転移の最も頻繁な部位は、元のリンパ節である。ソマチドは、インビトロで腫瘍細胞リンパ節間の接着親和性を検出するために使用することができる。この技術の利点の1つは、新鮮なリンパ節セクションが元の組織の自然な複雑さを提供し、精製されたタンパク質を使用して再現できないことです。
この方法は、リンパ節のような転移性標的器官における腫瘍細胞の接着を妨げる遺伝子または治療法を同定しようとする分子腫瘍学研究に有用である可能性がある。犠牲から30分以内にリンパ節を収穫するには、成人のウィスターラットを室温のきれいな解剖板の上に後回しの精液に置き、毛皮に70%イソプロピルアルコールを噴霧する。滅菌された器具を使用して、腹部の皮膚を持ち上げ、内側皮膚切開を行い、腹部内臓を露出させます。
胸部および腹部リンパ節が見えるまで腸を抽出する。鈍い先端のはさみを使用して、下層の上腸間膜動脈を傷つけずにリンパ節を慎重に切除し、リンパ節を5mLの無菌PBSを含む15 mLチューブに入れる。すべてのリンパ節が採取されたら、各型の基部にクリオマール1個のリンパ節を下に置き、組織を覆うのに十分な最適な切断温度媒体を加える。
スナップ凍結後、クライオスタットを使用して22°Cで5〜8マイクロメートルの厚さのセクションを取得し、ガラス顕微鏡スライドにセクションを収集します。同じリンパ節の連続したスライスからの良好な品質の凍結部分は、スライス間の違いを最小限に抑え、一貫した細胞接着率を促進するために重要です。腫瘍細胞標識の場合、目的の細胞を適宜ステージングされた細胞培養から収穫し、1x10で細胞をmL濃度および無血清培地の6細胞に再懸濁する。
1 mLの細胞を新しい15 mL円錐形チューブに移し、細胞に37°Cで10分間10分間、細胞沈沈を避けるために10分間、10マイクログラム/mL DiI(C18)で細胞にラベルを付けます。インキュベーションの終了時に、遠心分離により細胞をペレット化し、10mLの新鮮な無血清培地で標識細胞を2回洗浄し、余分な染料を除去する。

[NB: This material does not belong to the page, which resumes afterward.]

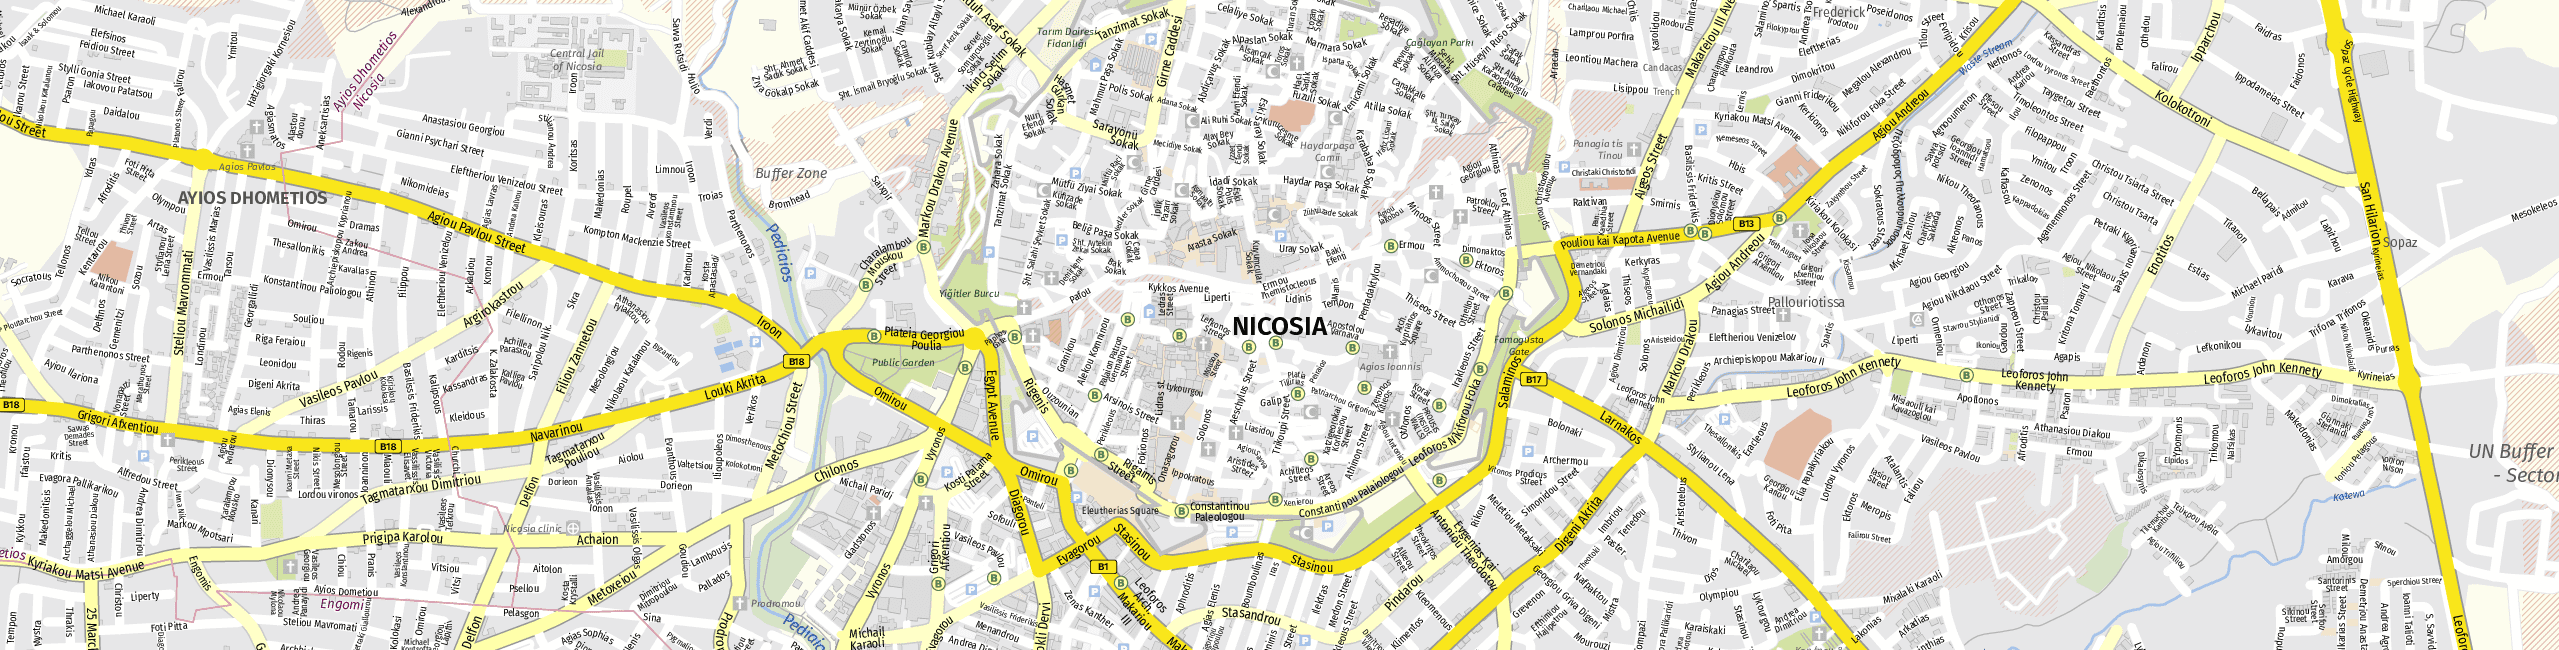 Stadtplan Nicosia zum Downloaden.

2回目の洗浄後、1 x 10で細胞を血清フリー培地のmL当たり6細胞に再懸濁し、0.1%ウシ血清アルブミン濃度を補った。
標識された腫瘍細胞を採取したリンパ節組織切片に進み、PBSで2回静かに切片を洗浄し、続いて室温で15分間新鮮なPBSで再水和した。インキュベーションの最後に、綿棒を使用してスライドを乾燥させる前に、2.5%のウシ血清アルブミンを37°Cで30分間非特異的な結合をブロックします。疎水性ペンを使用して各セクションの周りに障壁を描き、各囲まれたリンパ節に100マイクロリットルの標識細胞を追加します。
加湿チャンバーで摂氏37度で1~2時間後、PBSで4回の緩やかな洗い流しで非付着細胞を取り除き、残りの接着性蛍光細胞をPBSで3.7%ホルムアルデヒドで室温で15分間固定します。接着剤指数の定量化には、蛍光顕微鏡で10xの目的を使用して、明るい蛍光界と赤色の蛍光場の各セクションの個々のTIFF画像を取得します。次に、フィジーで画像を開く前に、画像に名前を付けて体系的に保存します。
スケールを設定したら、ポリゴン ツールを使用して、定量化する対象地域を選択します。リンパ節領域を定量化する場合に選択します。データは平方ミリメートルで表されます。
次に、プラグイン、分析、セルカウンターを選択し、定量化する写真をクリックします。[初期化] をクリックし、[カウンターの種類] を選択します。次に、写真のセルをクリックします。
リンパ節接着指数は、対象領域のリンパ節あたりの接着性腫瘍細胞数として表される。次の写真を初期化するには、次の写真を開き、実例に示すように定量化を繰り返します。観察されるように、接着細胞の形態は形で丸められ、細胞は目的のリンパ節全体に不均一に分散される。
リンパ節の接着指数は、対応するNDRG4陽性細胞について測定したものと比較して、NDRG4陰性乳癌細胞株において2〜3倍高い。この手順は、脳や肺のような他の転移性標的組織における接着率を補助し、授精腫瘍細胞に対する接着の二次的優先部位を評価するように適合させることができる。新鮮な組織と凍結組織の両方が生体有害であると考えられ、適切な生体安全対策を講じて処理する必要があることを覚えておいてください。